[Date Prev][Date Next][Thread Prev][Thread Next][Date Index][Thread Index]
Re: restrictions when defining charsets
Steve Summit writes:
> For two immediate examples, I would still think that "the
> interpretation of each octet cannot be questioned" was intended
> to rule out things like ISO-2022-JP, except for having read
> suggestions on this list that it's really supposed to avoid
> things like undifferentiated ISO-646. I still have no idea what
> "the number of representable characters is limited" is supposed
> to accomplish. (It probably rules out mnemonic encoding schemes,
> but for what seem to me to be the wrong reasons.)
To rule out iso-2022-jp would indeed be a most unfortunate move,
as this is the predominant encoding in Japan for email.
I agree national ISO646 versions should be properly labelled,
(as also the different parts of 8859 should be labelled)
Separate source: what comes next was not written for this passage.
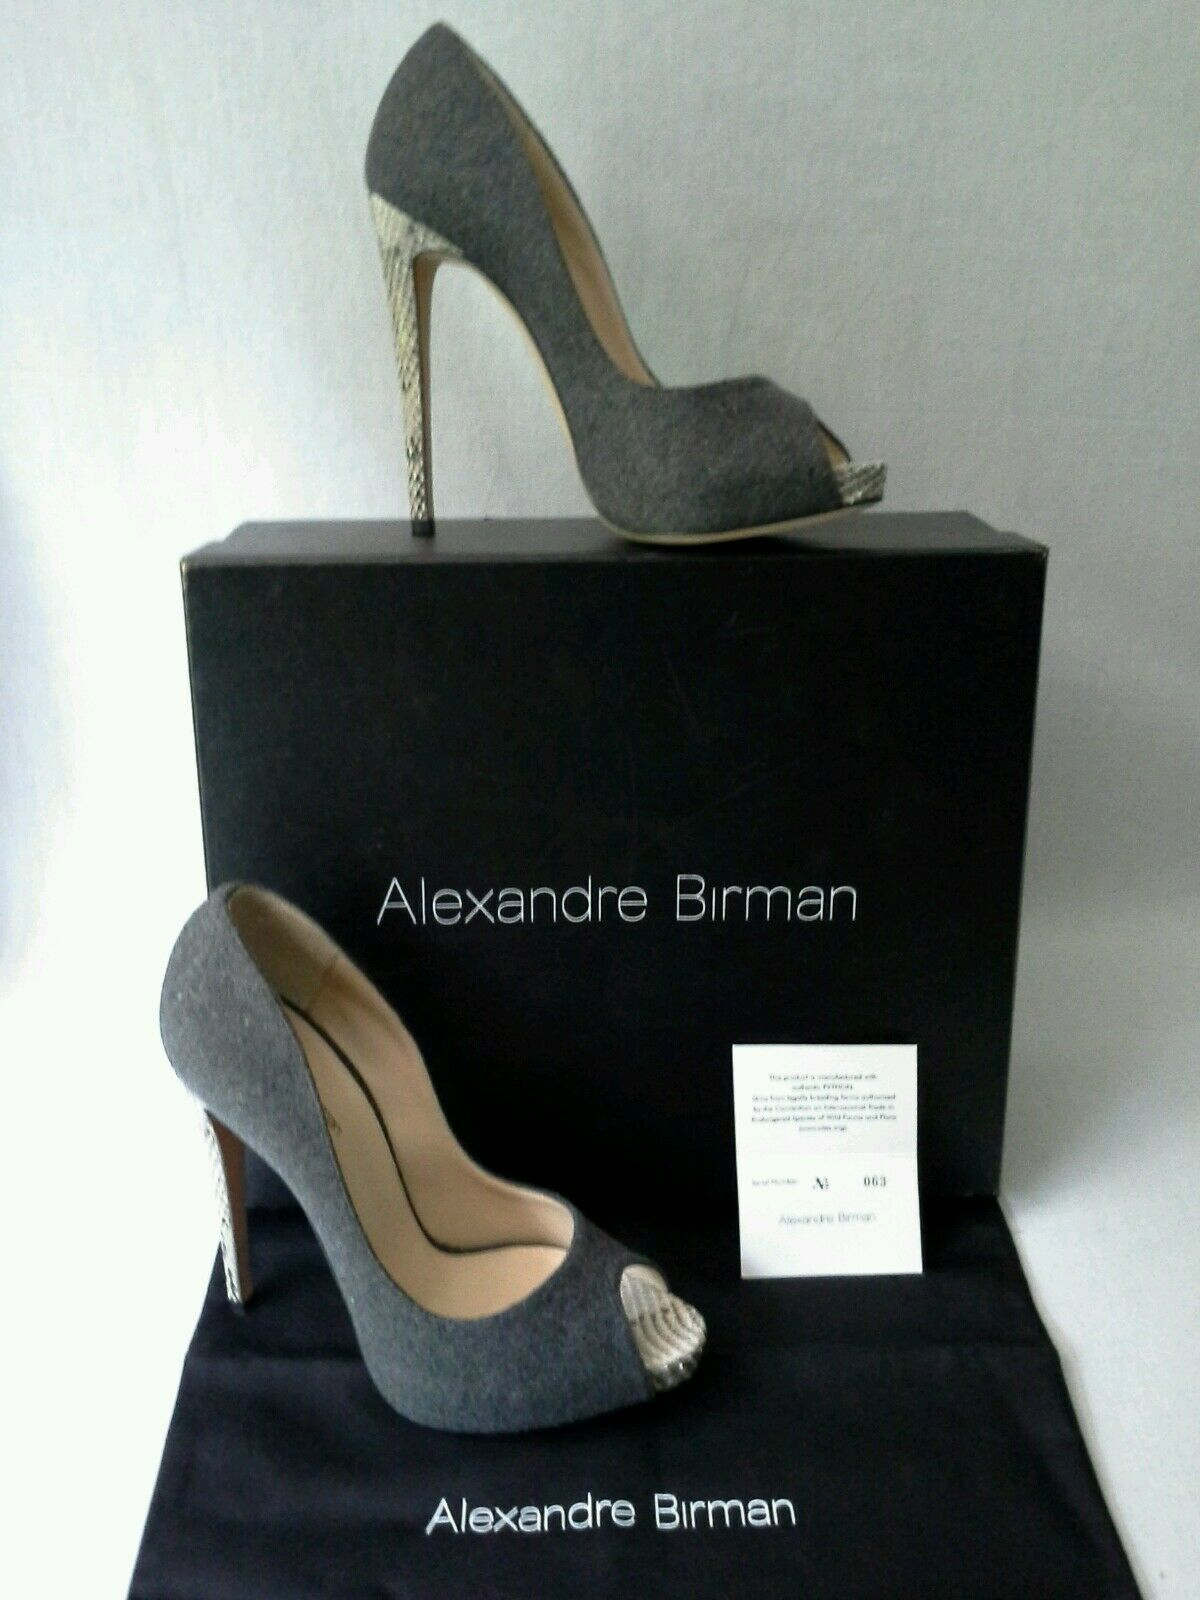 Alexandre Birman Hilary Stiletto bombas de lana Pitón Piel Piel Piel De Serpiente Talla 7 38 Italia  815  envío gratuito a nivel mundial

mnemonic encodings as per RFC1345 have a limited set of characters
- some 24.000 but they are limited!
"the number of representable characters is limited" I believe
is to say that the combining sequences of Unicode cannot be used
to generate characters.
Anyway this is subtle wrt ISO 10646, as the repertoire of 10646 is
fixed: you cannot use combining characters to generate new characters.
You can use them to generate combining sequences, but that is not
characters! A matter of definition.
I believe the sentence on "not a set of characters" alludes
to the ISO terminology, where a "character set" is a repertoire
(without applicable encoding). This may be explained
further for people not aquainted to ISO character terminology.
Keld